[Extracted data entries]

------------------------------------------------

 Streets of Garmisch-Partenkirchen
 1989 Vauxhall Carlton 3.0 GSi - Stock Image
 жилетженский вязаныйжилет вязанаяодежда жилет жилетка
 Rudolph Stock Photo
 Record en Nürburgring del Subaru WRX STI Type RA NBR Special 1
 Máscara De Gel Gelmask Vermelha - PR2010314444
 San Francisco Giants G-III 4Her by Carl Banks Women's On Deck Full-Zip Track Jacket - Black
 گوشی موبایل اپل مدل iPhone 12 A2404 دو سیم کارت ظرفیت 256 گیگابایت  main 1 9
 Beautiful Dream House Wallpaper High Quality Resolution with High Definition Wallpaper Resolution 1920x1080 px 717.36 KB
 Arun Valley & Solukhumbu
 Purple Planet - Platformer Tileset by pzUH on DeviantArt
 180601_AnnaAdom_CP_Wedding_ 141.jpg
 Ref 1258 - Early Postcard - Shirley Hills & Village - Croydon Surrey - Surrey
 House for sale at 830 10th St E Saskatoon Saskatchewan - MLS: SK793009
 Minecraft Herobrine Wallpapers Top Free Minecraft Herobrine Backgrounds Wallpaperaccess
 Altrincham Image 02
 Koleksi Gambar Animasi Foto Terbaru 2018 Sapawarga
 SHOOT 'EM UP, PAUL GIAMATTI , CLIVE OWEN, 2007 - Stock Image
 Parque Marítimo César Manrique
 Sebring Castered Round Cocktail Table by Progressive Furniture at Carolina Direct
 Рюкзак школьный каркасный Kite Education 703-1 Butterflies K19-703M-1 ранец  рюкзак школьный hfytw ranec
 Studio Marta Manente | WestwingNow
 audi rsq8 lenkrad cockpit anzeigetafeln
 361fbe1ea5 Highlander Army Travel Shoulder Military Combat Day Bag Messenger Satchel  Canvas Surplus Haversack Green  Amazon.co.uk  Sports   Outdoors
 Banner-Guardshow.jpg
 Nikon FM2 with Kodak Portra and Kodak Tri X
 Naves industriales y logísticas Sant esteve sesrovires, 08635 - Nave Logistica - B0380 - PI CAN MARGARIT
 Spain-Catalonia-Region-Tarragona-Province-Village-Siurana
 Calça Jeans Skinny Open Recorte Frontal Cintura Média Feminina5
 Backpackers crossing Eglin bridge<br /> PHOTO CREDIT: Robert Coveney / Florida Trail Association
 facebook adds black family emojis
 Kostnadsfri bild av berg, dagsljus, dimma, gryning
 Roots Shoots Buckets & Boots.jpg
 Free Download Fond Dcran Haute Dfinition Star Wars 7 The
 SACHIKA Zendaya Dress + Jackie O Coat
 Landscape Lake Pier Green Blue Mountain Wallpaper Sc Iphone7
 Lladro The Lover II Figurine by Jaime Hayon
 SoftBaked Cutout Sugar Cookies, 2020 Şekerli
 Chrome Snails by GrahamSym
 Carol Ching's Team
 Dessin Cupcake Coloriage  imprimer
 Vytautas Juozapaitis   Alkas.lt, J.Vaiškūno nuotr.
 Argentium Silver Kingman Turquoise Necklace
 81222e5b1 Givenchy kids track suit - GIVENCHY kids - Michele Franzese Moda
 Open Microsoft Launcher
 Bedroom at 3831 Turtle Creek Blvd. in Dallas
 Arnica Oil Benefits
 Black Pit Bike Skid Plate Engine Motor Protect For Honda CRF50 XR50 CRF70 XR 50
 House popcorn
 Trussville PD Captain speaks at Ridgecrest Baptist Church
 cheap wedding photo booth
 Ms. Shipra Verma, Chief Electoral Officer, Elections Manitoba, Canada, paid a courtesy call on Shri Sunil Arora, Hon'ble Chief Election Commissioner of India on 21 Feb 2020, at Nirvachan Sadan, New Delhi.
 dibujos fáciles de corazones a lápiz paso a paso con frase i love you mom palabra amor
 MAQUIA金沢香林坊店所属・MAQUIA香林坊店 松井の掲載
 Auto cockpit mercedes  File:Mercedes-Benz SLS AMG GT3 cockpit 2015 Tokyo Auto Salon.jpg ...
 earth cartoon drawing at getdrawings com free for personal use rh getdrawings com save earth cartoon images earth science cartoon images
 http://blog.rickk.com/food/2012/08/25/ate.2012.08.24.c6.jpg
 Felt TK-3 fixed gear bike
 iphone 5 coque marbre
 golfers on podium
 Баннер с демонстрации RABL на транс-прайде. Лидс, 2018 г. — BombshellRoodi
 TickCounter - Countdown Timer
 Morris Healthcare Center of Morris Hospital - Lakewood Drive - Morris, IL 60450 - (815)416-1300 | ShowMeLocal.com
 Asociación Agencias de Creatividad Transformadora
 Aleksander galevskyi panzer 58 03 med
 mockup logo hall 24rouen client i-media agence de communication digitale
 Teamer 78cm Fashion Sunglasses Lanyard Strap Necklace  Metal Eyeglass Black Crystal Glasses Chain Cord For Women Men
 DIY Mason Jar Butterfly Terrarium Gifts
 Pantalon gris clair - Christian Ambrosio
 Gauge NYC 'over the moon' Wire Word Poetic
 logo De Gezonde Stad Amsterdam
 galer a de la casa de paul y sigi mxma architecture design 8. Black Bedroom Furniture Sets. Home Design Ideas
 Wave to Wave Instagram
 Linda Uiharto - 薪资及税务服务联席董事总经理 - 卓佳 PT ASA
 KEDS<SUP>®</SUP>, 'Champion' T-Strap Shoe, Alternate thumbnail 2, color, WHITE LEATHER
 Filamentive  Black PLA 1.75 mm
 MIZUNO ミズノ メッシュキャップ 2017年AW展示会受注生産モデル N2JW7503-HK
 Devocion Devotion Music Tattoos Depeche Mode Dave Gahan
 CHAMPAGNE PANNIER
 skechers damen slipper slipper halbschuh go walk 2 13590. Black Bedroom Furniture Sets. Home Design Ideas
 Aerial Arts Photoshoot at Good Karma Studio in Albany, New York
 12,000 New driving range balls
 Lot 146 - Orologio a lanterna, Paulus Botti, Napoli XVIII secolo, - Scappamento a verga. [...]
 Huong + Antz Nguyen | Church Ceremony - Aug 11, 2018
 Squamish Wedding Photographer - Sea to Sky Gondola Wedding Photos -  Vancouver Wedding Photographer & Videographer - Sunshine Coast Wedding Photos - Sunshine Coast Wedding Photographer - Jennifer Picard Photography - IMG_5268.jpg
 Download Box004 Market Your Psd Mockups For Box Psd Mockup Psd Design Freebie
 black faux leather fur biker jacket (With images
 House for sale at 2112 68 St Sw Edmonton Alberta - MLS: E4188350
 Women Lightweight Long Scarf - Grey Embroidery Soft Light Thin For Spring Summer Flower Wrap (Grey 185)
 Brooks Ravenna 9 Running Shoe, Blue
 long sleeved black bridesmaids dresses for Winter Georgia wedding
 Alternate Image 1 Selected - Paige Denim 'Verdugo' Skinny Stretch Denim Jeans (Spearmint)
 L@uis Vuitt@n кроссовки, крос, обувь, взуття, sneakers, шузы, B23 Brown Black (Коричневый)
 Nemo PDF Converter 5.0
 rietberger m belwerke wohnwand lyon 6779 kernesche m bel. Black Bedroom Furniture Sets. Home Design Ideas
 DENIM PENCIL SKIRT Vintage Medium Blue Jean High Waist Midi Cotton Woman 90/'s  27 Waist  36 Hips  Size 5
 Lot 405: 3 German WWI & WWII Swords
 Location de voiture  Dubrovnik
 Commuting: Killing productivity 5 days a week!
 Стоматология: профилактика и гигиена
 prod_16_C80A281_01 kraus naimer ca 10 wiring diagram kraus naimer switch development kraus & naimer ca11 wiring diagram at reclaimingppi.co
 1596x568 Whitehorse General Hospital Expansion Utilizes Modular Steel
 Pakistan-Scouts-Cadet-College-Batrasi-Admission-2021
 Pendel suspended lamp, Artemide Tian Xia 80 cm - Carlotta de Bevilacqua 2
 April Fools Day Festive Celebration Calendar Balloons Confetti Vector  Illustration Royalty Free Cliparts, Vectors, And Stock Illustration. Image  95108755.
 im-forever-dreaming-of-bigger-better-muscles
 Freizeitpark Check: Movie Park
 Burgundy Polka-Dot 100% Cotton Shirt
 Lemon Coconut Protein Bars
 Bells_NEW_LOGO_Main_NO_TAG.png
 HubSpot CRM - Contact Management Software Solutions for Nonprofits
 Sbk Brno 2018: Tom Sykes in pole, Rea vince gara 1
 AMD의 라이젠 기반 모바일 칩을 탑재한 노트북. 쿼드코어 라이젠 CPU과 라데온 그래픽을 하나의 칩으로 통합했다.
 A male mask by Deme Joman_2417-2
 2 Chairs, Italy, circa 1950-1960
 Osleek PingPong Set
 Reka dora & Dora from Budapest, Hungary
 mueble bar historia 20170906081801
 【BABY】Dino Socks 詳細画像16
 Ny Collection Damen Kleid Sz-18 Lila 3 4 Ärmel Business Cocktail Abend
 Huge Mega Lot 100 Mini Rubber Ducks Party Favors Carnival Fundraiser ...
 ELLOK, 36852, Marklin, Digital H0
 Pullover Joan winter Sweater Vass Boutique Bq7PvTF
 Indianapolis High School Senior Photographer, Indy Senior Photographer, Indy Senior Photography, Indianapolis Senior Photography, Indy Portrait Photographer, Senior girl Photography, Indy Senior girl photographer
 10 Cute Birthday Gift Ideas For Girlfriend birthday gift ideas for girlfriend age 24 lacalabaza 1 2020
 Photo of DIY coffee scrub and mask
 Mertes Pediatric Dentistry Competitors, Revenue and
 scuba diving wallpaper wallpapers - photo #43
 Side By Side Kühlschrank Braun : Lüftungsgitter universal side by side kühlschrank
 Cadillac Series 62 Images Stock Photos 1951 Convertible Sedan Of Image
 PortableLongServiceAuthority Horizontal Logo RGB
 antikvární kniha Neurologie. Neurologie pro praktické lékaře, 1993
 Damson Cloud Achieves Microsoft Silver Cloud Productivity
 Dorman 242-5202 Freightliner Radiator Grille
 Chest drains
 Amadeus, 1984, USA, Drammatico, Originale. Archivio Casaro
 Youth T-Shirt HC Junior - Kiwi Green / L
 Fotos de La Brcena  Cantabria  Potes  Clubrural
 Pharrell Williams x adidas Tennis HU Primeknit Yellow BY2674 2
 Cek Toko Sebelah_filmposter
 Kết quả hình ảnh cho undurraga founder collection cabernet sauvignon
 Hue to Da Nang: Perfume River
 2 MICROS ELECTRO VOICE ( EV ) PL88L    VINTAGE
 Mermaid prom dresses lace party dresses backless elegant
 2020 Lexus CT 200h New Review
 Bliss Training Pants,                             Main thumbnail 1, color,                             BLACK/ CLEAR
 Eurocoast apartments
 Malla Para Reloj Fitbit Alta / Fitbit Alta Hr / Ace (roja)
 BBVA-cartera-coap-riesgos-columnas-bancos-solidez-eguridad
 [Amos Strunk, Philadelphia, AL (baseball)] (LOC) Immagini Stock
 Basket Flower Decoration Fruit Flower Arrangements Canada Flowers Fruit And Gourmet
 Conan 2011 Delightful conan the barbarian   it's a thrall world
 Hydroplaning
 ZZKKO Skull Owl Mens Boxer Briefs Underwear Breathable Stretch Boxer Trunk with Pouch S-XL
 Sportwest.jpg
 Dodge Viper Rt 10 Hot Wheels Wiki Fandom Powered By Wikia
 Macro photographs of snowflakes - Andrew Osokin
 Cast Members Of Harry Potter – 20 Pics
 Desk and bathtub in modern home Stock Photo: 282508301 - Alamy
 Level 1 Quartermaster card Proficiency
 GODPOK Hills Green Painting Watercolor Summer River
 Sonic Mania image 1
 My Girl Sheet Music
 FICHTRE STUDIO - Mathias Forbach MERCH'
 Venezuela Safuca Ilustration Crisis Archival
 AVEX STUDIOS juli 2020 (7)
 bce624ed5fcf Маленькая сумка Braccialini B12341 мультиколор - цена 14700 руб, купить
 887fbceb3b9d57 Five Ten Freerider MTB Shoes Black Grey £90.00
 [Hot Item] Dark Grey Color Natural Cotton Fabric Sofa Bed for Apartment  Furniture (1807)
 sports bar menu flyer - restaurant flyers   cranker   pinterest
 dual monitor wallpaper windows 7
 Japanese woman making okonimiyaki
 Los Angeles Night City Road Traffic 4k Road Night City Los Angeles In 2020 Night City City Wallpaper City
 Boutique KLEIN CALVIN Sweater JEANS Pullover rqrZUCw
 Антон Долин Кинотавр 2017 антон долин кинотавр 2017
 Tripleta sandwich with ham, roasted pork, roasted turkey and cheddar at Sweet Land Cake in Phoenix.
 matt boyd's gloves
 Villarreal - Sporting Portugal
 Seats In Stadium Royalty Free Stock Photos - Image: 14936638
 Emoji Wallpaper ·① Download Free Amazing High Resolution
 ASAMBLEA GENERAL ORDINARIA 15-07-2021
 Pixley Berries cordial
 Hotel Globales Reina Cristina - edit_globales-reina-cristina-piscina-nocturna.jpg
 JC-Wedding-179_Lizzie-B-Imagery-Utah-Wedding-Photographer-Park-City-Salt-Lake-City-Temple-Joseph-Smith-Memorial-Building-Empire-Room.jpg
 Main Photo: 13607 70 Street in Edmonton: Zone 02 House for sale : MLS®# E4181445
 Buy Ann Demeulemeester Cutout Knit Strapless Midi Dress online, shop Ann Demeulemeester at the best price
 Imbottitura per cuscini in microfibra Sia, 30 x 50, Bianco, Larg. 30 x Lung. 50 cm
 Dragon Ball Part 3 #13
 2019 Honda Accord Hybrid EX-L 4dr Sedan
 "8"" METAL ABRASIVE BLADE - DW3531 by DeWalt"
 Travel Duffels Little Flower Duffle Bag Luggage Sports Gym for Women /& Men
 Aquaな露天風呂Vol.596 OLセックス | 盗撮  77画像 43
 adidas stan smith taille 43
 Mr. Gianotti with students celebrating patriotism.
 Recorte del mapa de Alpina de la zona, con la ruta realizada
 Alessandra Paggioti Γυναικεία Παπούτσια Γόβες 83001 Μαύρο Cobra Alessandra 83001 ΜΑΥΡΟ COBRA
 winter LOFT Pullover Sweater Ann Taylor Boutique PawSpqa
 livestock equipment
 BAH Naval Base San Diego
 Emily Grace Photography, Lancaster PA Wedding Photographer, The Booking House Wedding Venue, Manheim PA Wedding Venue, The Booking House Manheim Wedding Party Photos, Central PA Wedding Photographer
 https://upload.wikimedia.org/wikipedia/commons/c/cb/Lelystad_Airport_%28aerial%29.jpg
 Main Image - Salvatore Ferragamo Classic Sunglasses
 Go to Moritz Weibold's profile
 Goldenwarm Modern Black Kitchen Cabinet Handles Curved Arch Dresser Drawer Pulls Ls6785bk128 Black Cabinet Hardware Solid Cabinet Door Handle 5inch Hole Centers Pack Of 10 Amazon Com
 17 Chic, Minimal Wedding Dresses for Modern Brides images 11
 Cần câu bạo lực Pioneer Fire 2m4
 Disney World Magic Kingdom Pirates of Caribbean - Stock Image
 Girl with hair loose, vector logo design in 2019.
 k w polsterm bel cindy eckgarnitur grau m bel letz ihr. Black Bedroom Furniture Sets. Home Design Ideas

------------------------------------------------

Required work:
An exact, complete copy of the lines above from the one with "Mertes Pediatric Dentistry" through the one with "887fbceb3b9d57 Five Ten" is the whole answer.

Task solution:
 Mertes Pediatric Dentistry Competitors, Revenue and
 scuba diving wallpaper wallpapers - photo #43
 Side By Side Kühlschrank Braun : Lüftungsgitter universal side by side kühlschrank
 Cadillac Series 62 Images Stock Photos 1951 Convertible Sedan Of Image
 PortableLongServiceAuthority Horizontal Logo RGB
 antikvární kniha Neurologie. Neurologie pro praktické lékaře, 1993
 Damson Cloud Achieves Microsoft Silver Cloud Productivity
 Dorman 242-5202 Freightliner Radiator Grille
 Chest drains
 Amadeus, 1984, USA, Drammatico, Originale. Archivio Casaro
 Youth T-Shirt HC Junior - Kiwi Green / L
 Fotos de La Brcena  Cantabria  Potes  Clubrural
 Pharrell Williams x adidas Tennis HU Primeknit Yellow BY2674 2
 Cek Toko Sebelah_filmposter
 Kết quả hình ảnh cho undurraga founder collection cabernet sauvignon
 Hue to Da Nang: Perfume River
 2 MICROS ELECTRO VOICE ( EV ) PL88L    VINTAGE
 Mermaid prom dresses lace party dresses backless elegant
 2020 Lexus CT 200h New Review
 Bliss Training Pants,                             Main thumbnail 1, color,                             BLACK/ CLEAR
 Eurocoast apartments
 Malla Para Reloj Fitbit Alta / Fitbit Alta Hr / Ace (roja)
 BBVA-cartera-coap-riesgos-columnas-bancos-solidez-eguridad
 [Amos Strunk, Philadelphia, AL (baseball)] (LOC) Immagini Stock
 Basket Flower Decoration Fruit Flower Arrangements Canada Flowers Fruit And Gourmet
 Conan 2011 Delightful conan the barbarian   it's a thrall world
 Hydroplaning
 ZZKKO Skull Owl Mens Boxer Briefs Underwear Breathable Stretch Boxer Trunk with Pouch S-XL
 Sportwest.jpg
 Dodge Viper Rt 10 Hot Wheels Wiki Fandom Powered By Wikia
 Macro photographs of snowflakes - Andrew Osokin
 Cast Members Of Harry Potter – 20 Pics
 Desk and bathtub in modern home Stock Photo: 282508301 - Alamy
 Level 1 Quartermaster card Proficiency
 GODPOK Hills Green Painting Watercolor Summer River
 Sonic Mania image 1
 My Girl Sheet Music
 FICHTRE STUDIO - Mathias Forbach MERCH'
 Venezuela Safuca Ilustration Crisis Archival
 AVEX STUDIOS juli 2020 (7)
 bce624ed5fcf Маленькая сумка Braccialini B12341 мультиколор - цена 14700 руб, купить
 887fbceb3b9d57 Five Ten Freerider MTB Shoes Black Grey £90.00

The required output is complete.